The laser beam does not comprehensively cover the QuasiVivo chamber area meaning that part of the liposome sample is not triggered. This explains why the calcein release did not reach 100%. From a translational perspective, this partial release is actually more in vivo-relevant as one-time irradiation does not cover all the tissue, and the target area has to be irradiated multiple times from different positions to cover the whole target area.
As we assumed that the flow might challenge the uptake of liposomes, the incubation time for the liposomes had to be assessed to determine the optimal timepoint for the light activation studies. In line with our hypothesis, this study demonstrates that dynamic cell culture conditions decrease the liposomal uptake by lung cancer cell line A549. Moreover, the hyaluronic acid-coating mitigated this effect, as the uptake of hyaluronic acid-coated liposomes was similar in static and dynamic conditions. Additionally, we found that the same conditions, meaning the attachment time and collagen coating, did not work similarly for the dynamic and static cell cultures.
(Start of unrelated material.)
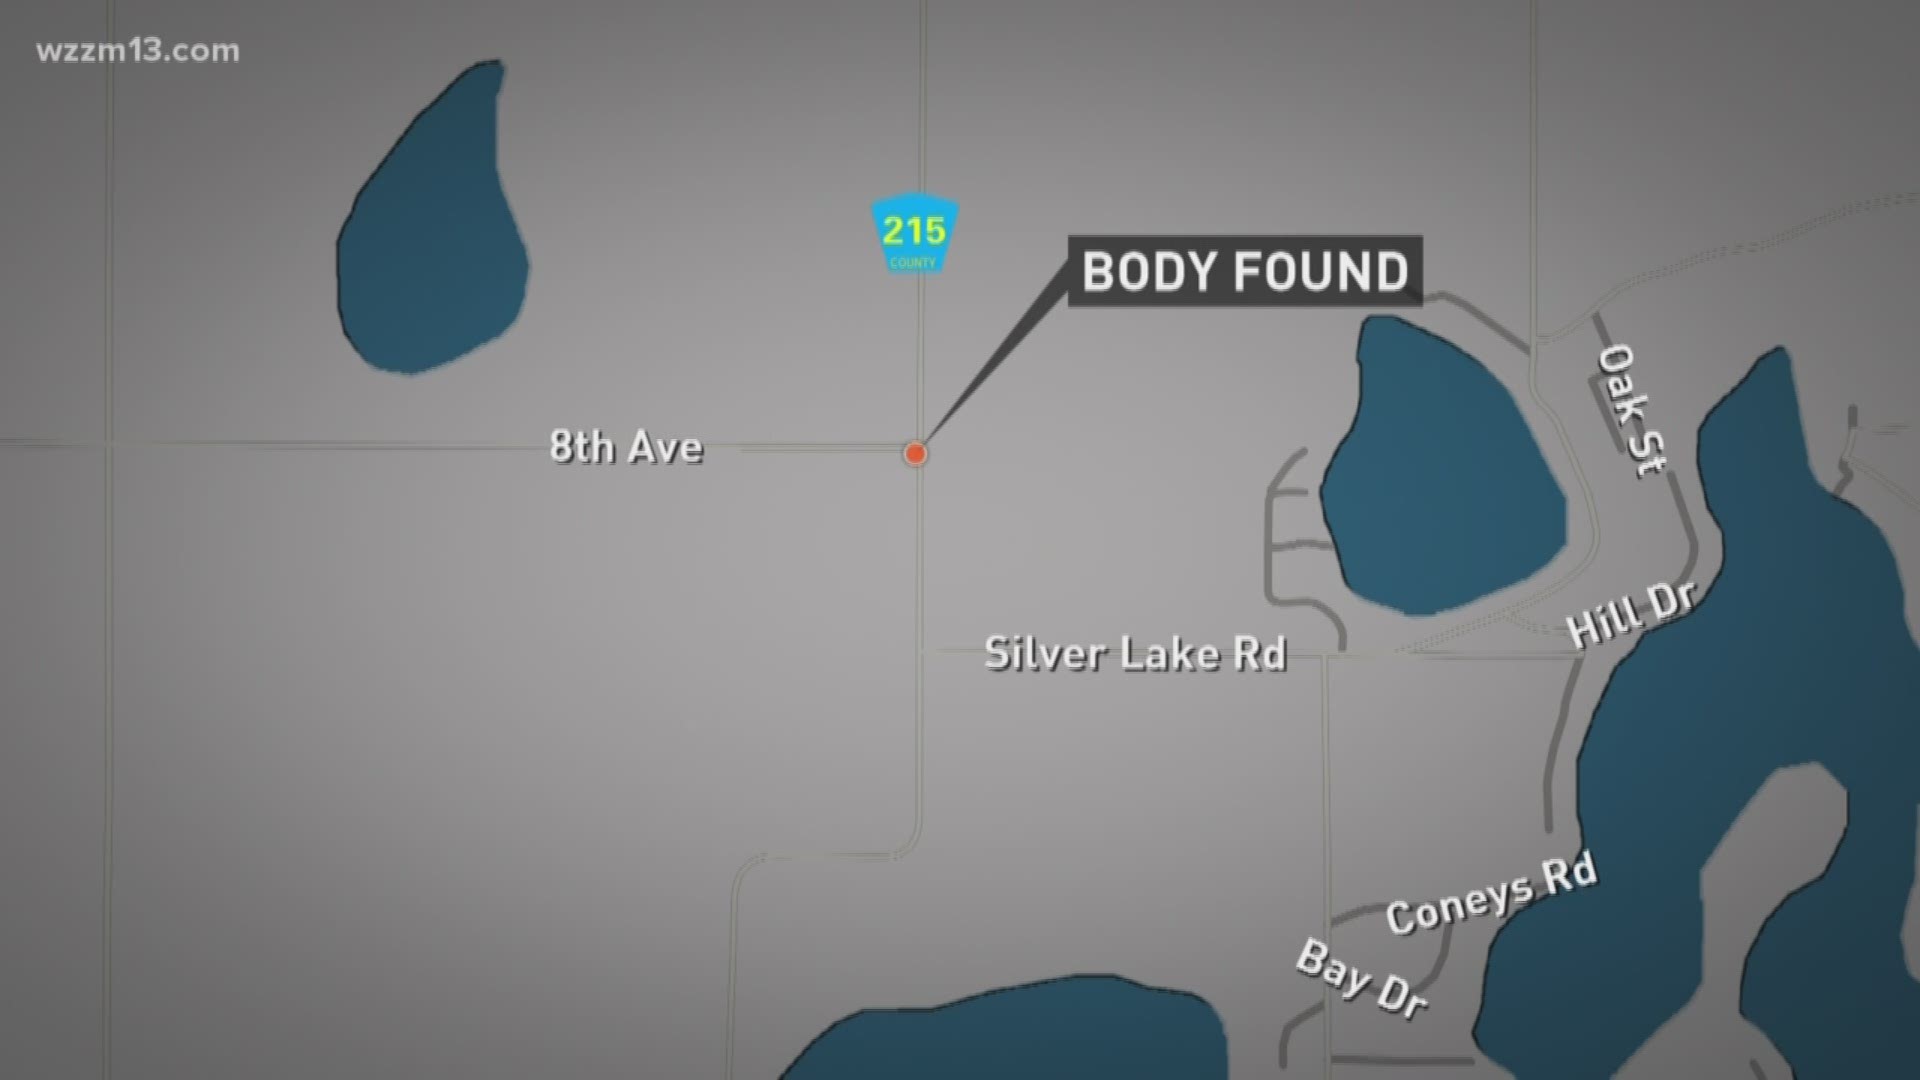 Florida man found dead in car stuck in Van Buren County field
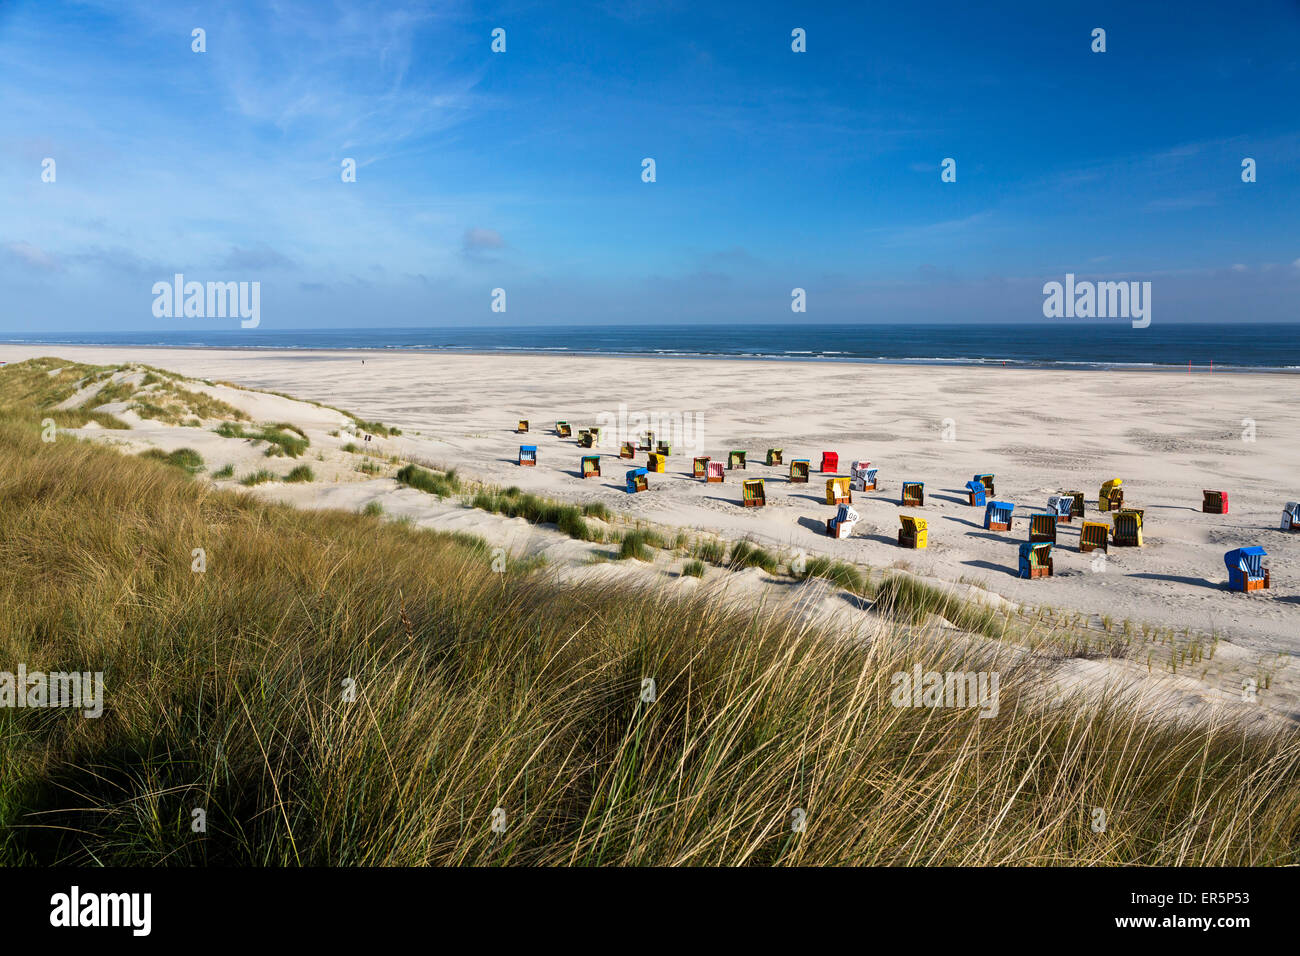 Sedie a sdraio in spiaggia, Juist isola, mare del Nord est delle Isole Frisone, Frisia orientale, Bassa Sassonia, Germania, Europa Foto Stock

The cell uptake results contrast with the finding by Chen et al.30, as they found the flow of 5 ml/min to not affect the cell uptake of liposomes, when compared to static conditions. However, in their studies, the flow rate was chosen to resemble vascular flow rate, not interstitial flow rate as in our study. Additionally, they used endothelial cells, which are likely to behave differently under flow than epithelial cells. The liposomes both in our studies and in studies by Chen et al. were coated with polyethylene glycol, which is known to hinder the cell uptake of liposomes31,32, while making them more stable. The increased stability can decrease sedimentation, leading to decreased cell uptake in static cell cultures, which mitigates the uptake differences between static and dynamic conditions.
Previous studies have also described the cell uptake of other nanoparticles under flow rates, which resemble vascular flow9,10. Kang et al.9 conducted a cell uptake study with polystyrene nanoparticles. Shear stress of 0.5 dynes/cm2 (0.05 Pa) increased the uptake of polystyrene nanoparticles for three different cell lines, compared to static conditions. Furthermore, Kang et al.10 also studied the uptake of gelatin-oleic nanoparticles under flow. Unlike in the polystyrene nanoparticle study, the uptake of gelatin-oleic nanoparticles was similar under 0.5 dynes/cm2 and static conditions. But increasing the shear stress to 5 (0.5 Pa) and 50 dynes/cm2 (5 Pa) increased the uptake. In conclusion, these studies support the findings that flow affects the nanoparticle cell uptake, although the direction of the change seems to differ.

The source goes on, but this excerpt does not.